I was born and raised in the South where we eat dressing on Thanksgiving. Mike grew up in Maryland eating stuffing.
So what’s the difference? Well, technically the difference is how they’re cooked. Stuffing is a mixture used to stuff the turkey before cooking. Whereas dressing, comprised of similar ingredients, is cooked in a pan outside of the turkey. These days the two terms are used interchangeably depending on where you live.
Regardless of which side you’re on, we can all agree that a Thanksgiving menu isn’t complete without it. Here’s my healthy spin on stuffing/dressing made with sausage, frozen riced cauliflower (hello easy!), apples and seasoned with fresh herbs.
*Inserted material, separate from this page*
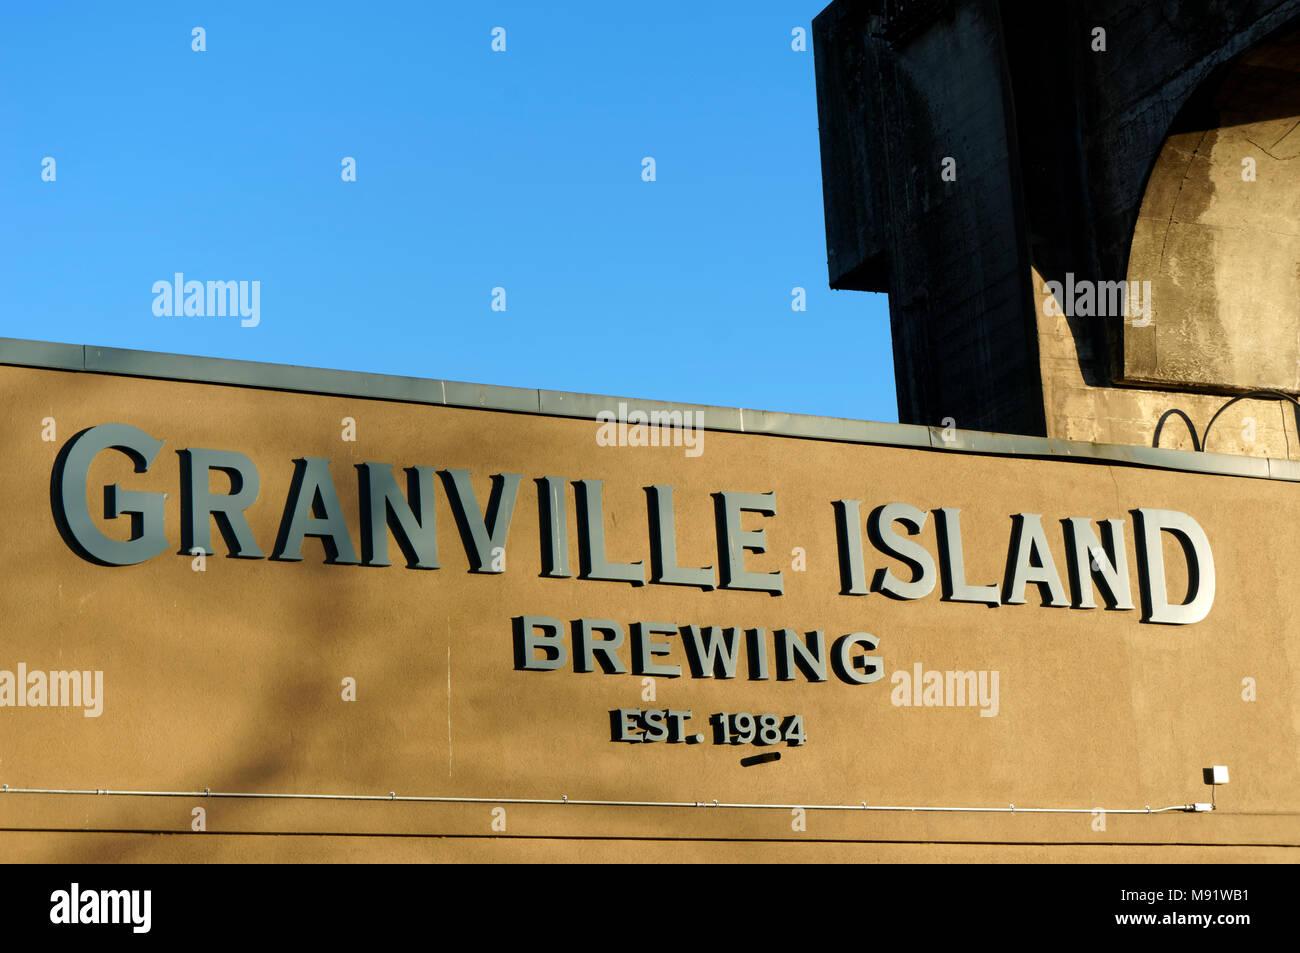 Granville Island Brewing company sign, Granville Island, Vancouver, BC, Canada - Stock Image

Cauliflower and Sausage Stuffing/Dressing
-2 pounds sweet or spicy Italian sausage, casings removed OR breakfast sausage*
-8 cups of riced cauliflower (2 bags of frozen, riced cauliflower)*
-2 small yellow onions, chopped
-1 cup celery, chopped
-2 granny smith apples, unpeeled and chopped
-2 tablespoons chopped flat-leaf parsley
-1 tablespoon sea salt
-1 teaspoon freshly ground black pepper
-2 eggs, whisked
-1/2 cup dried cranberries
-1/2-1 cup chopped pecans (optional)
1. Preheat oven to 300.
2. Brown sausage in a pan.
3. Remove sausage from the pan and add onions, celery and apples. Cook until tender.
4. Add sausage back into pan with the apple mixture. Stir in cauliflower and allow to heat through.
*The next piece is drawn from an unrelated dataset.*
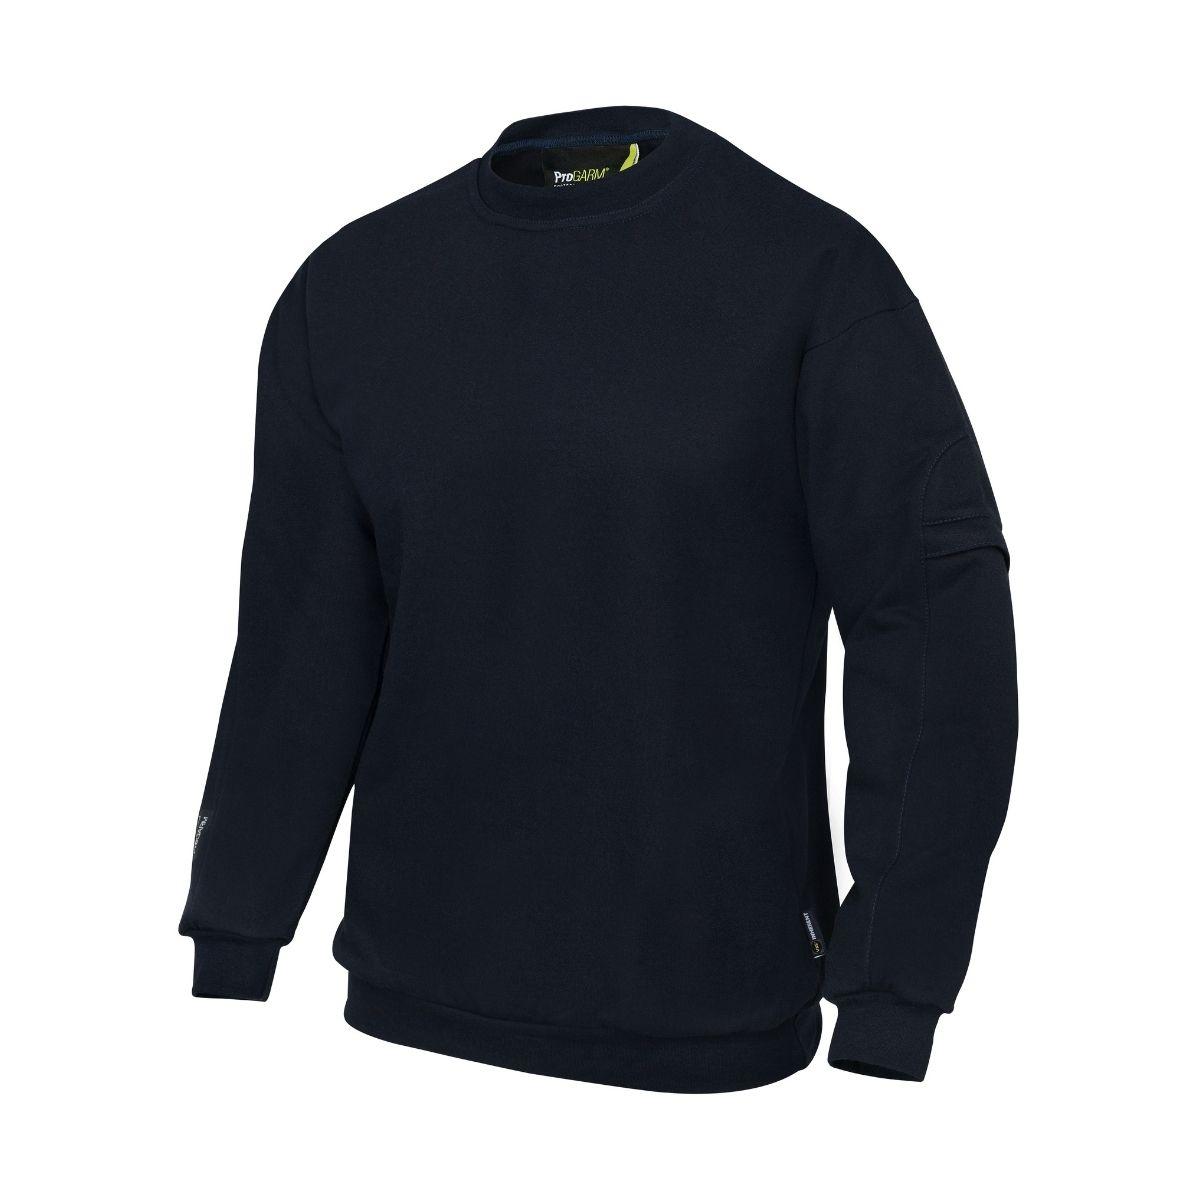 AS5630 ProGARM Sweatshirt 300gsm AS FR Inherent

5. Season with salt, pepper, and parsley.
6. Remove from heat and allow to cool slightly. Stir in cranberries. Next stir eggs in and mix well.
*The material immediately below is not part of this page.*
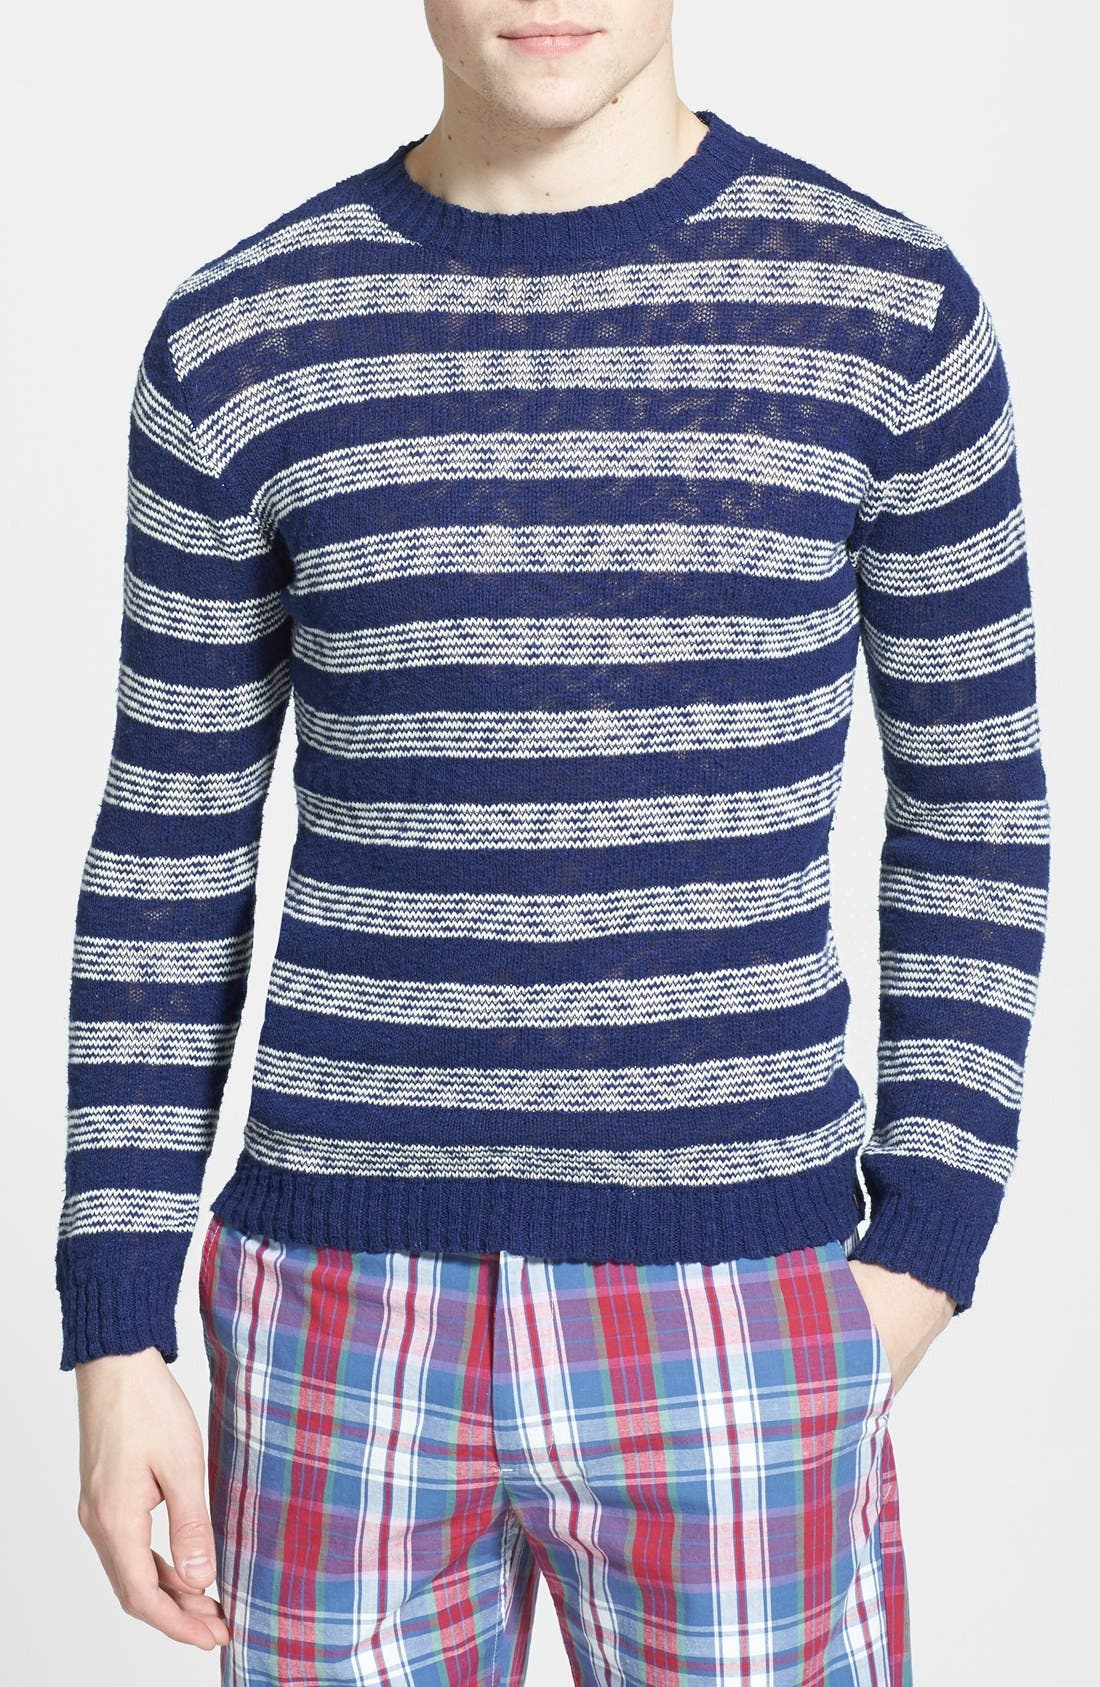 Main Image - Gant Rugger 'The Slubber' Sweater

7. Pour mixture into casserole dish.
8. Top with chopped pecans if desired.
9. Bake at 300 for 30 minutes or until set. Keep an eye on the pecans on top to be sure they don’t burn.
*I tested the recipe using breakfast sausage from Whole Foods. This is not Whole 30 compliant. This recipe can be made W30 compliant by using ground pork in place of the sausage or making your own sausage.
*Fresh cauliflower can be used in place of frozen. Rice or chop into bite sized pieces.